**DATA:**
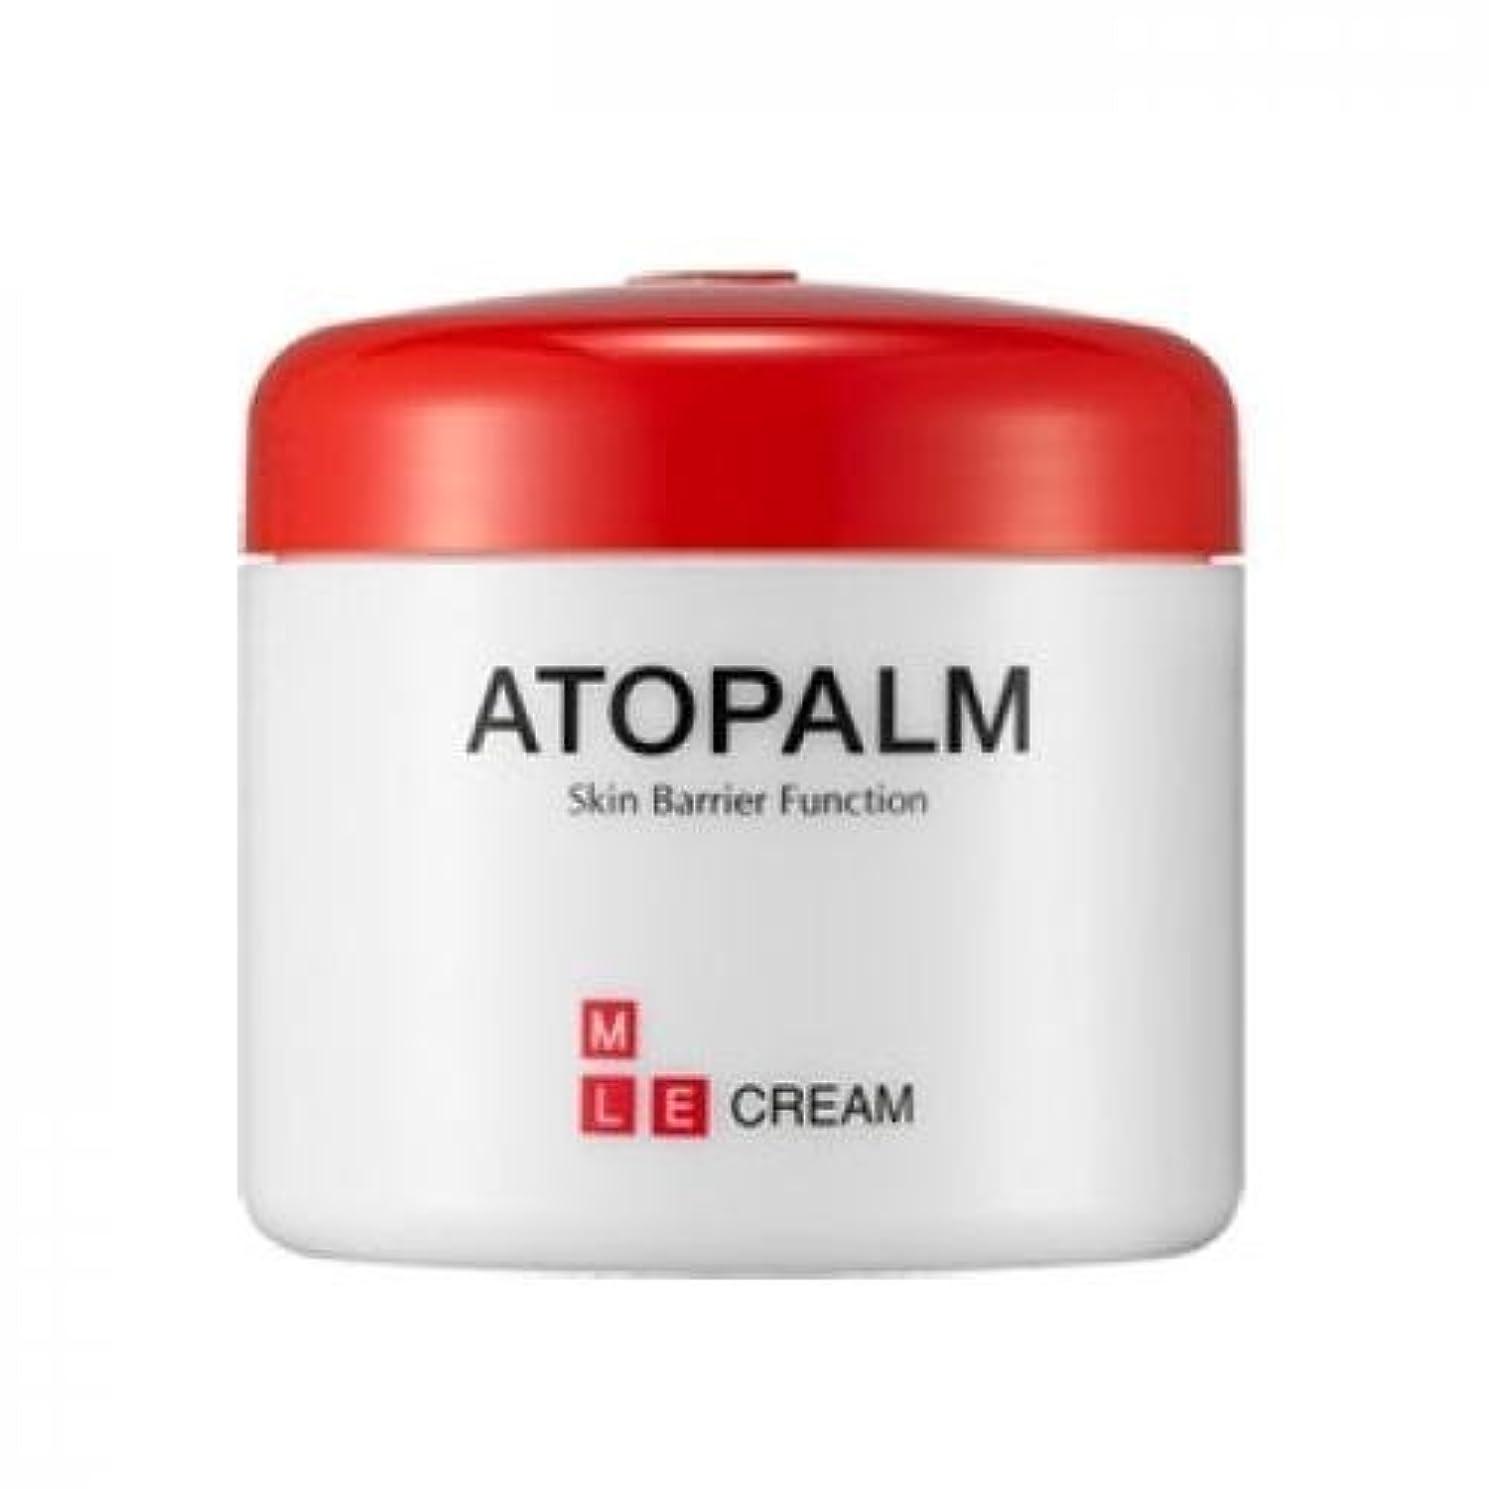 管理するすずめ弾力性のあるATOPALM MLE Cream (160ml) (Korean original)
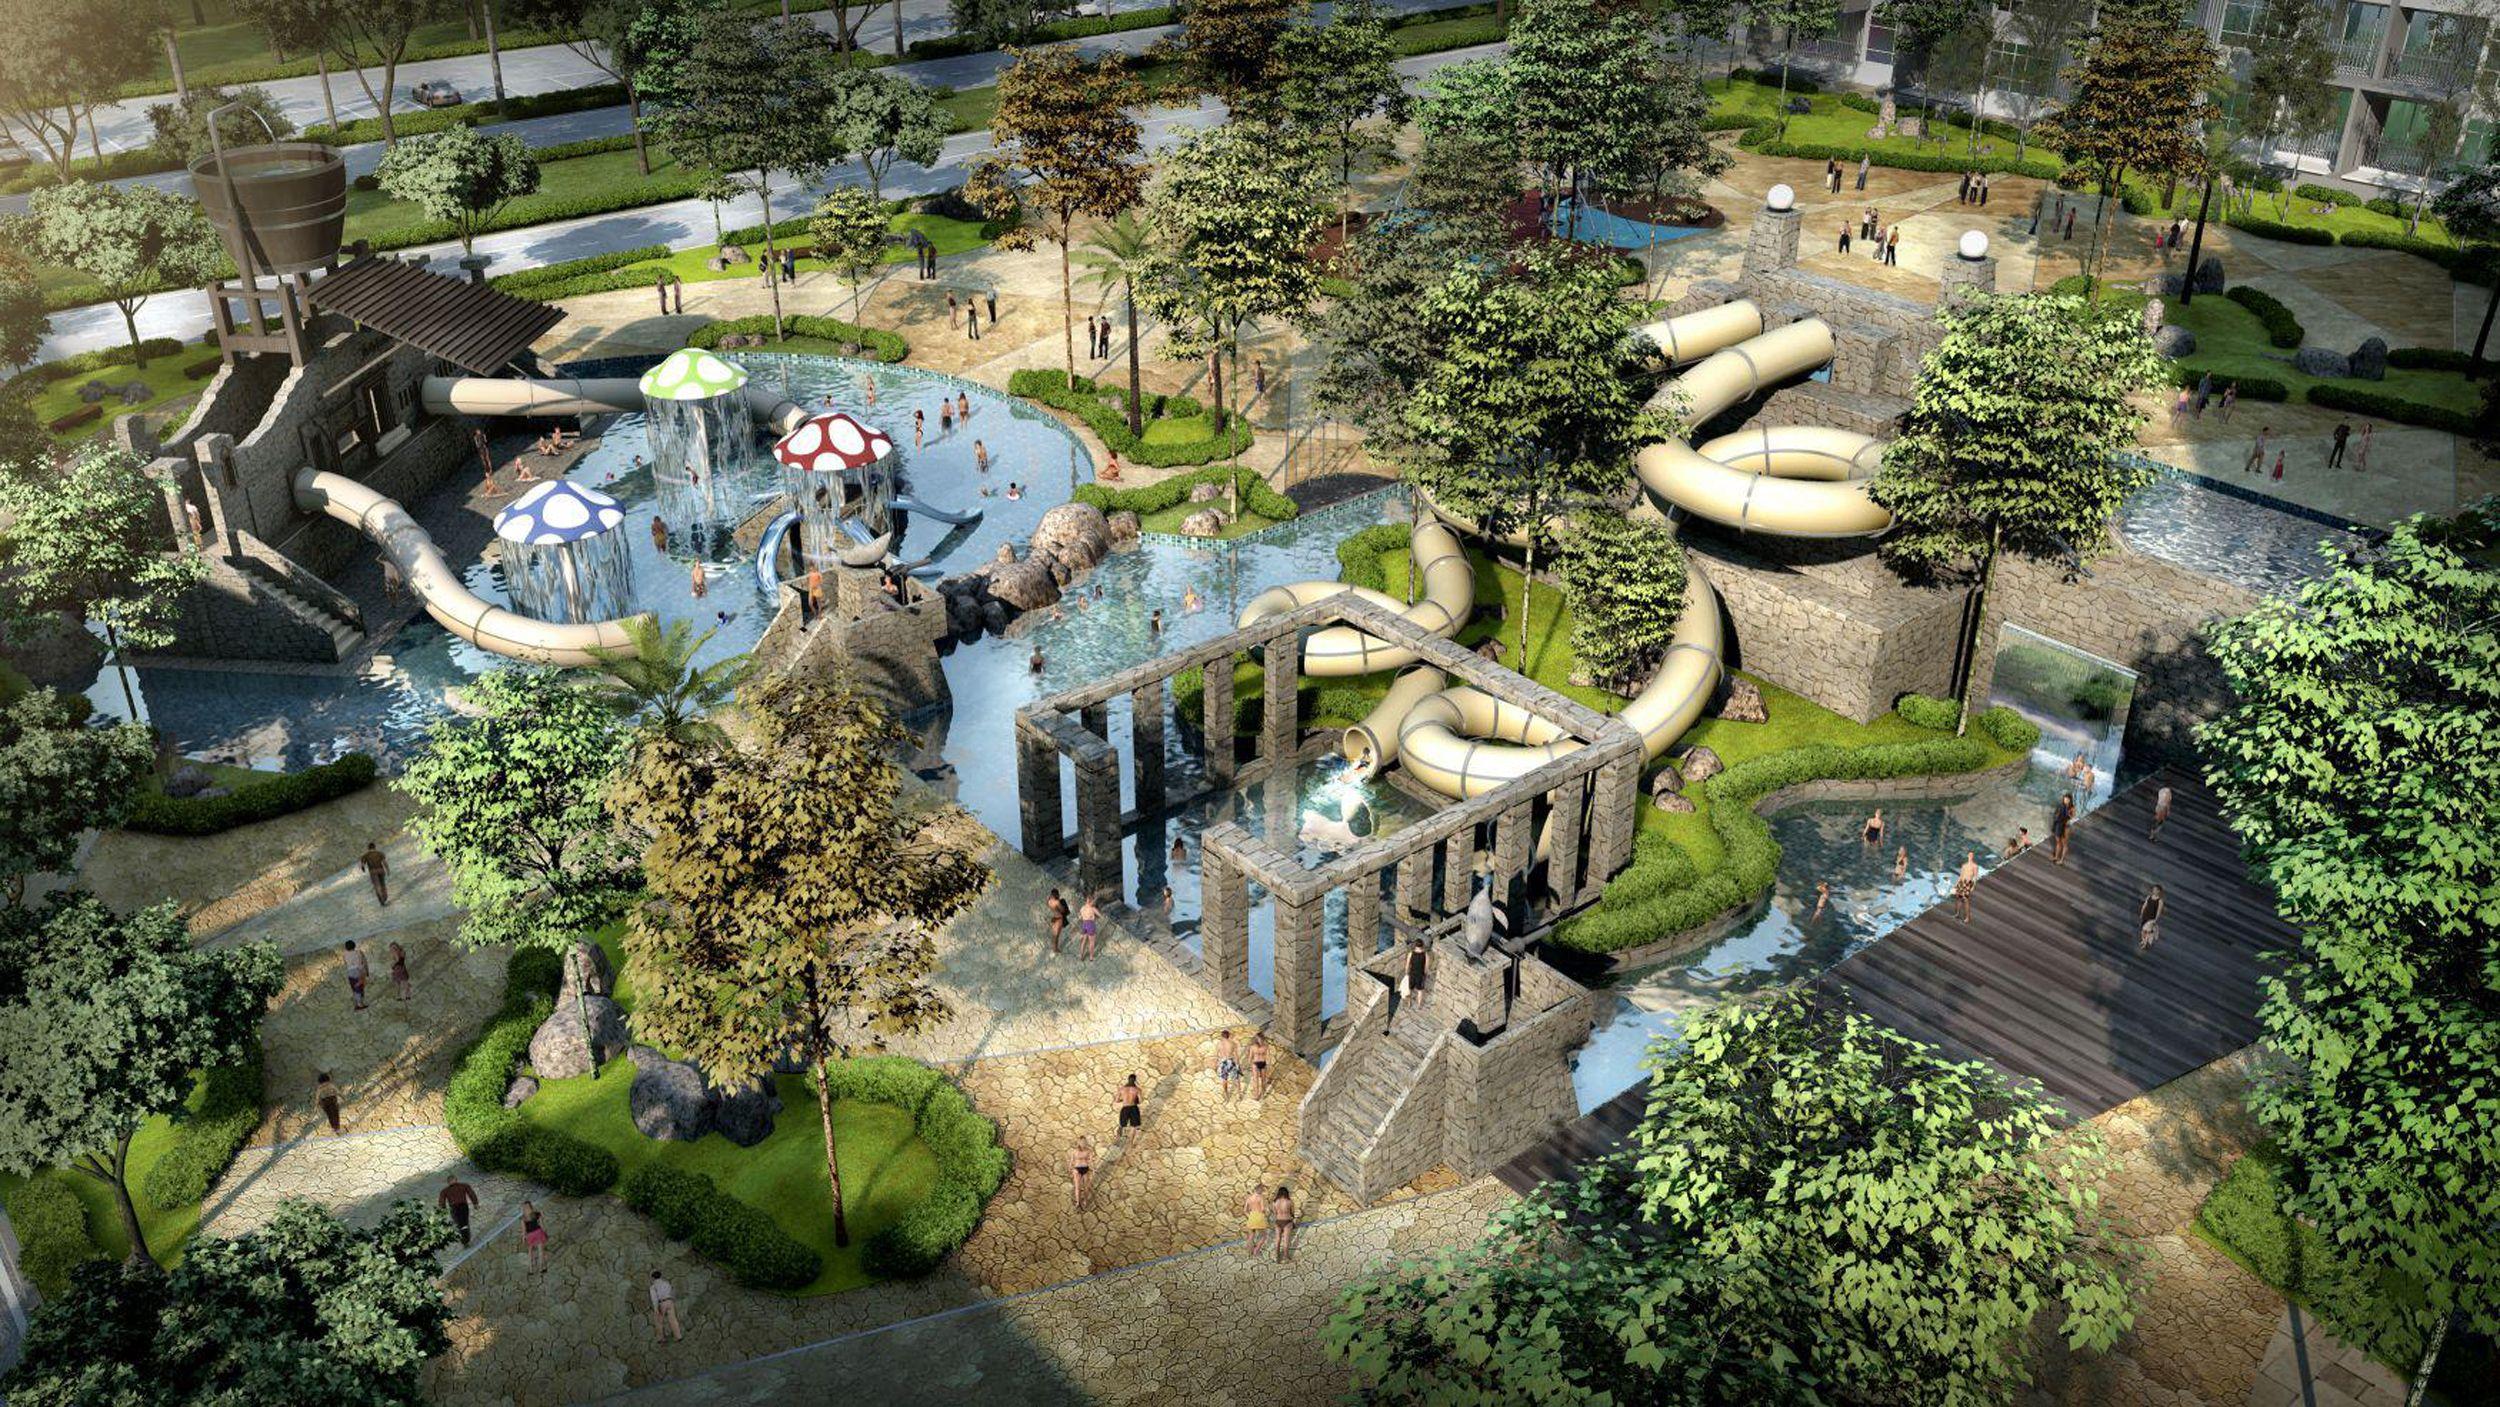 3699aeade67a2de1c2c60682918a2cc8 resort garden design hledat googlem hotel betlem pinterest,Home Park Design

---

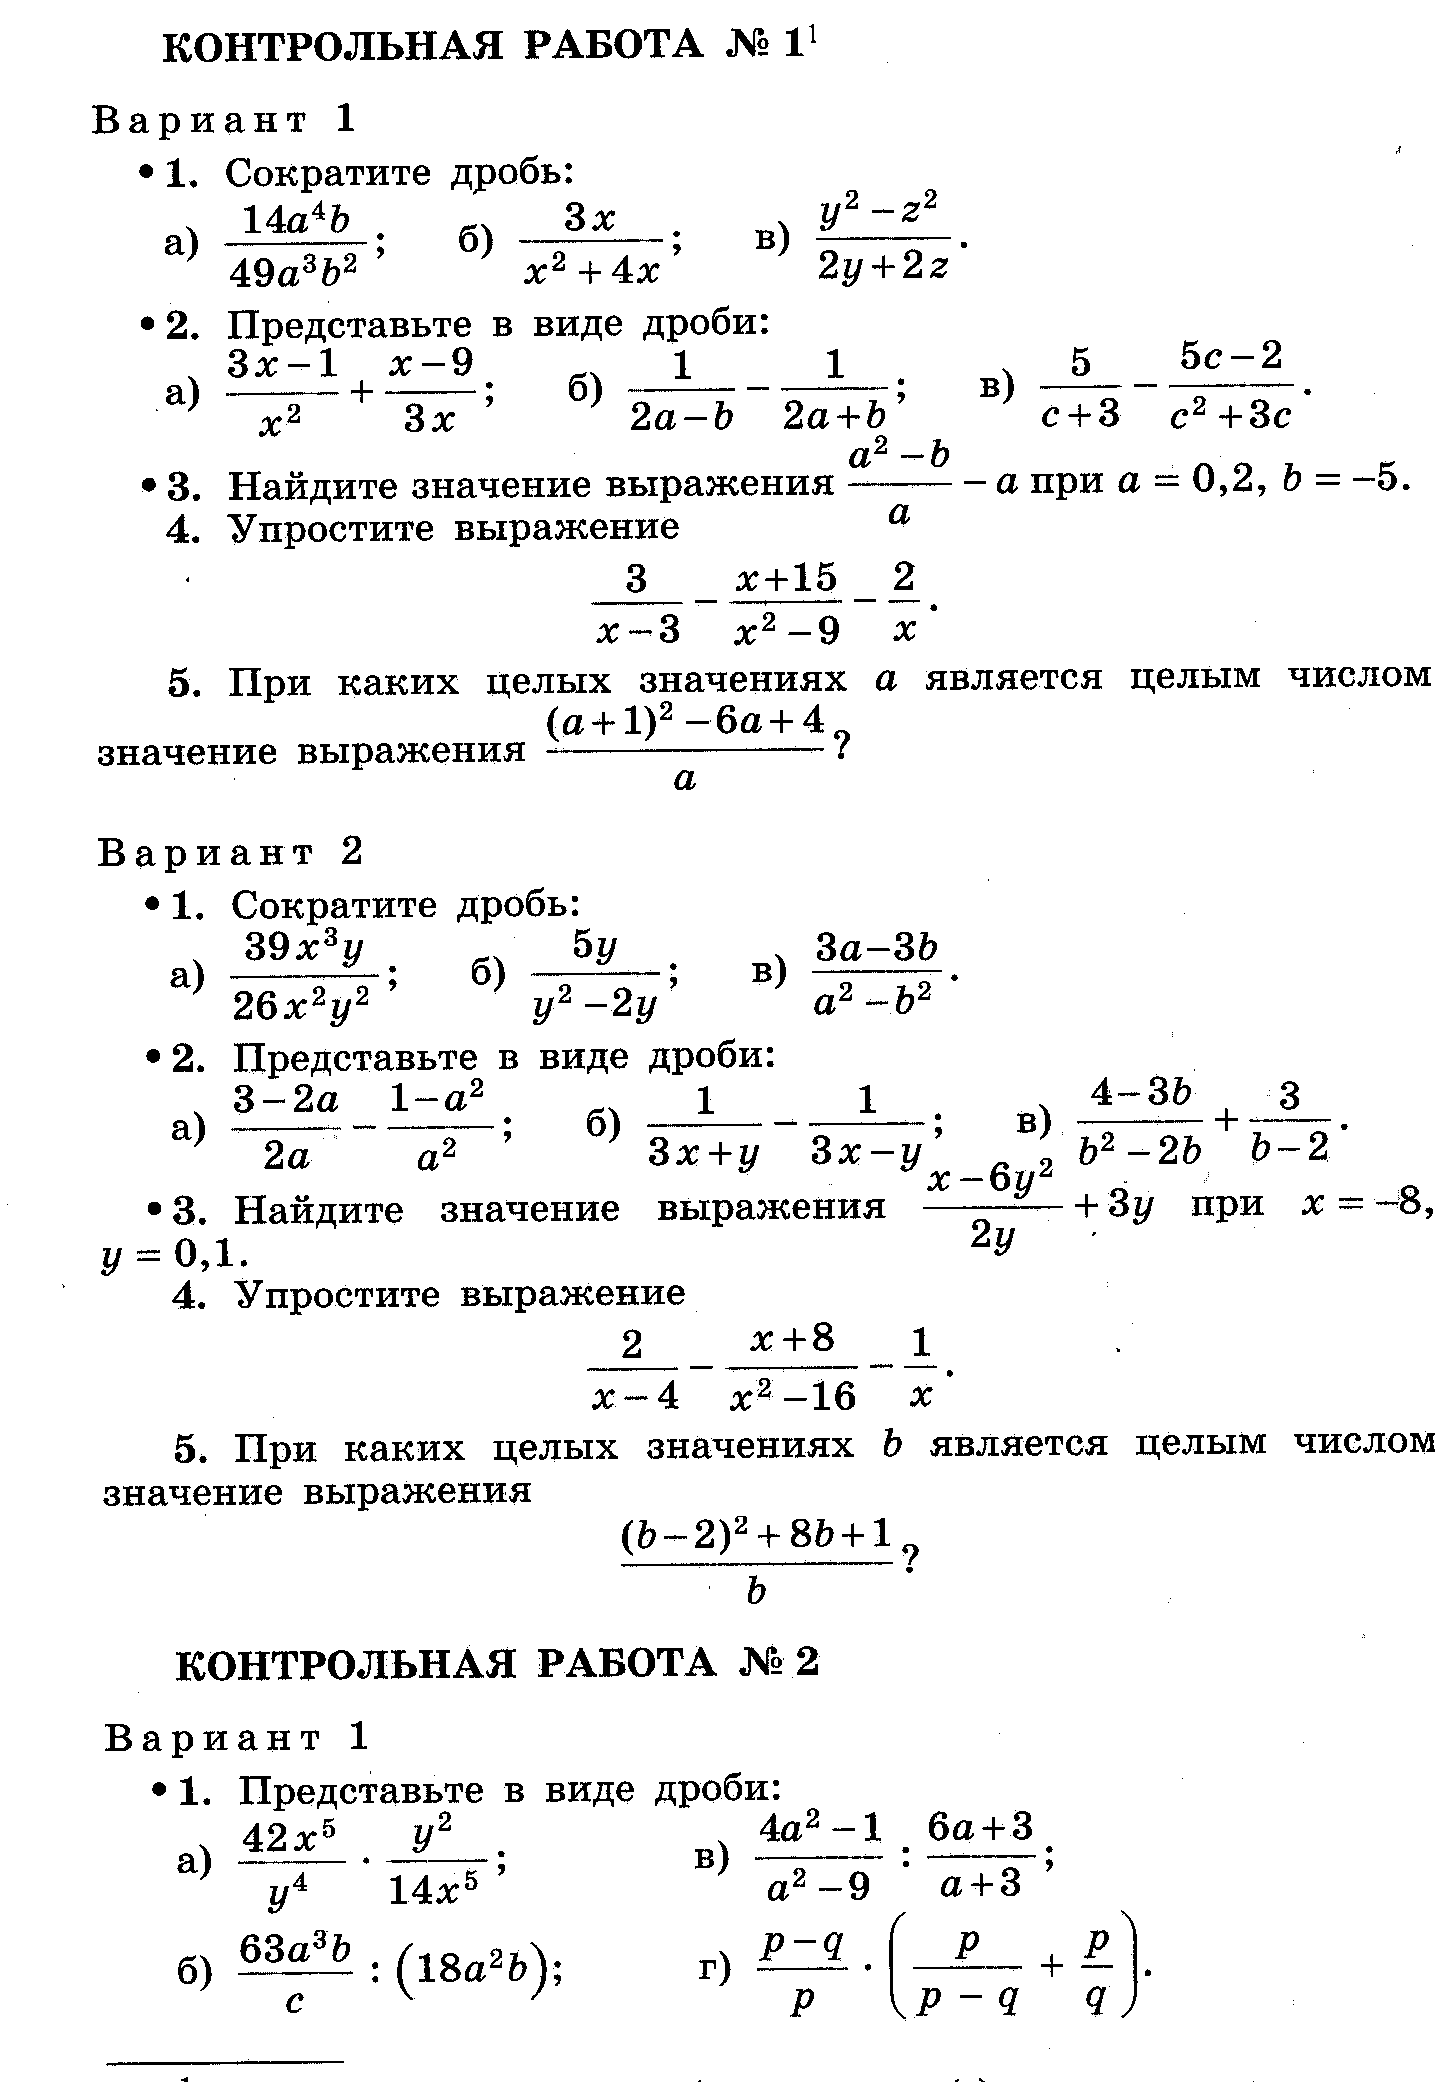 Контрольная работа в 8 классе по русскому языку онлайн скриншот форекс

**ASSIGNMENT:** Within the material above, find the part that opens with the line containing "管理するすずめ弾力性のあるATOPALM MLE Cream" and closes with the line containing "3699aeade67a2de1c2c60682918a2cc8 resort garden", and reproduce it exactly without the pictures.

**TASK RESPONSE:**
 管理するすずめ弾力性のあるATOPALM MLE Cream (160ml) (Korean original)
 3699aeade67a2de1c2c60682918a2cc8 resort garden design hledat googlem hotel betlem pinterest,Home Park Design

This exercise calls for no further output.